WORK TO COMPLETE:
After finding the line with "I love the way" in the entries below, retype exactly each line from there through the line with "The Perfect Wedding", including that final line.

SUPPLIED MATERIAL:
^^^^

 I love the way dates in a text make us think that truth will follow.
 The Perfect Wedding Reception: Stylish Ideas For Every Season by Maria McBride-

^^^^

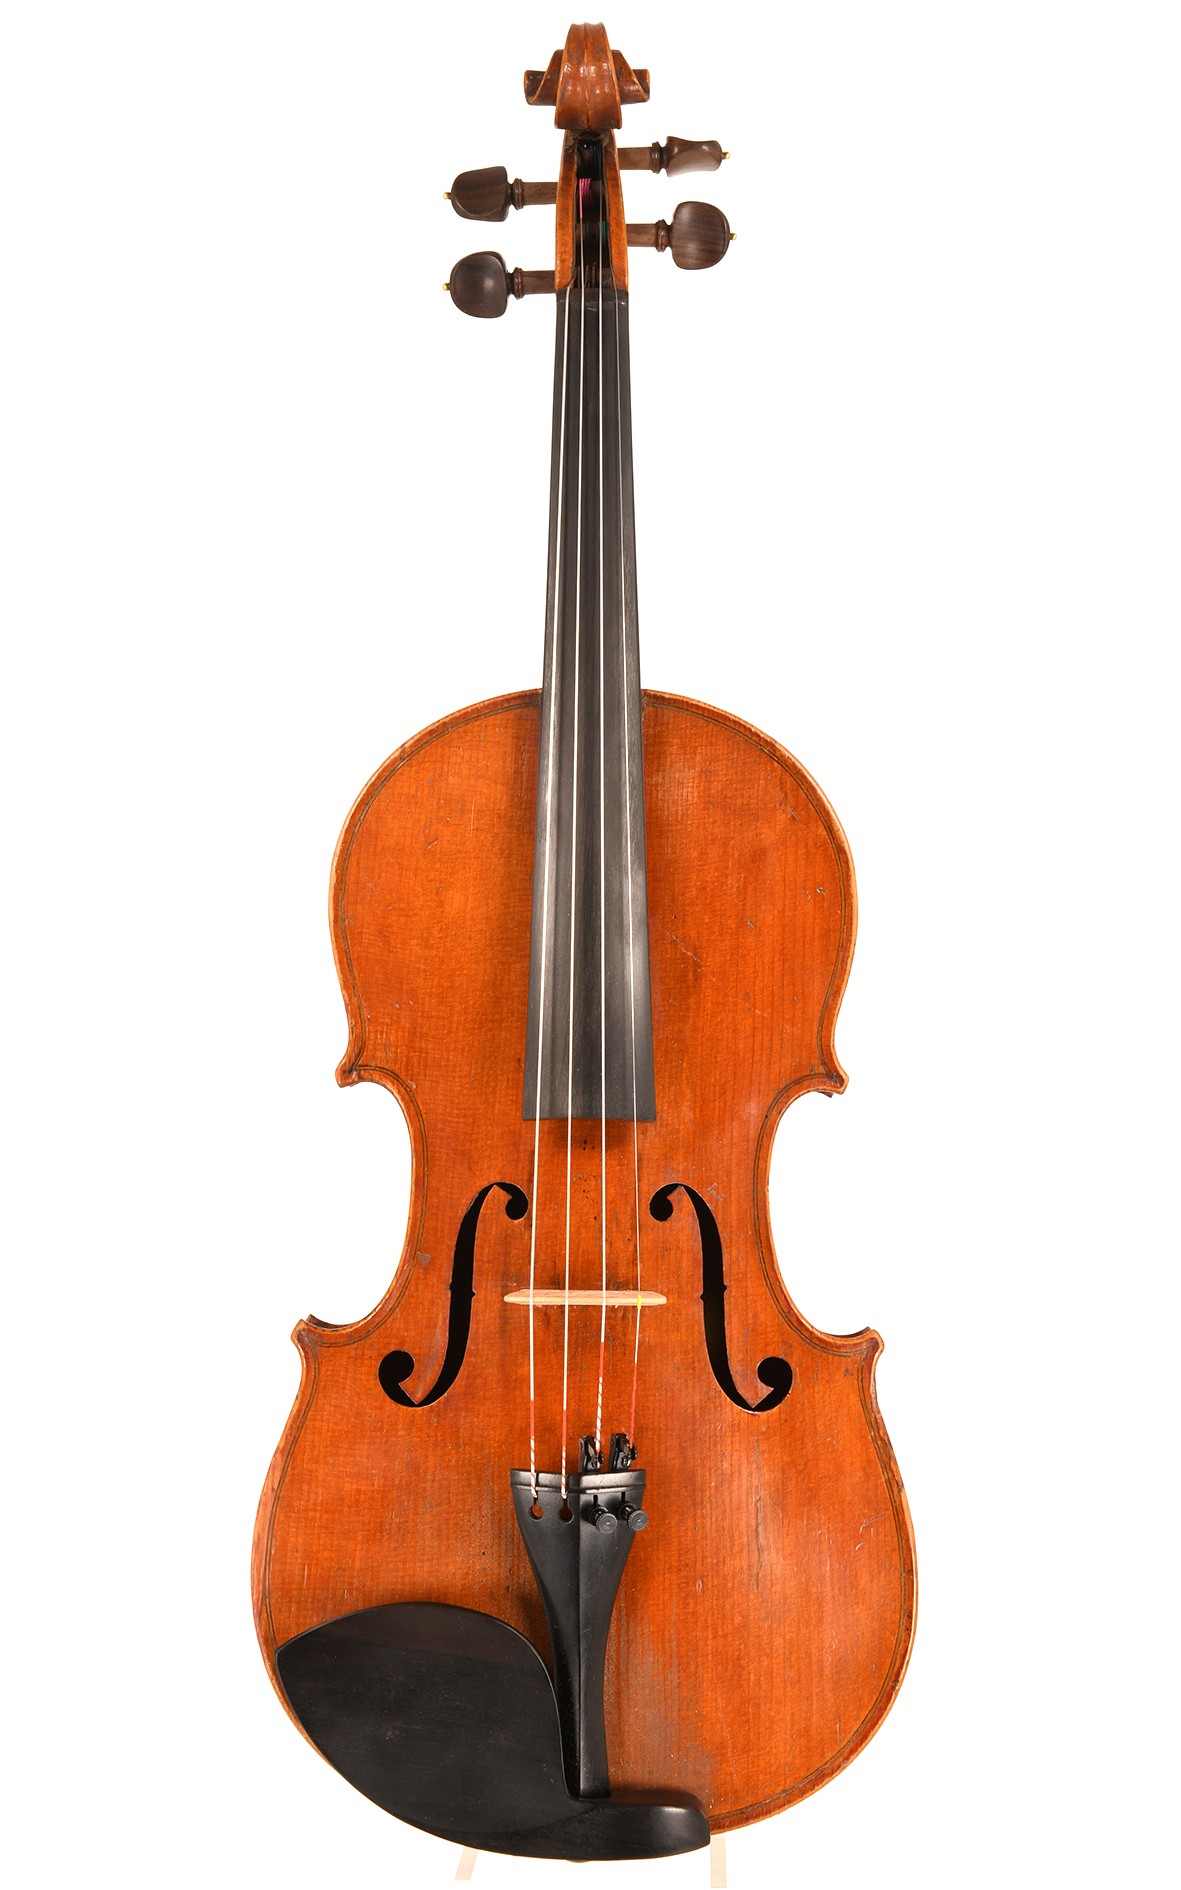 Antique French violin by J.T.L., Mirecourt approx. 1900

^^^^

RESPONSE AREA:
 I love the way dates in a text make us think that truth will follow.
 The Perfect Wedding Reception: Stylish Ideas For Every Season by Maria McBride-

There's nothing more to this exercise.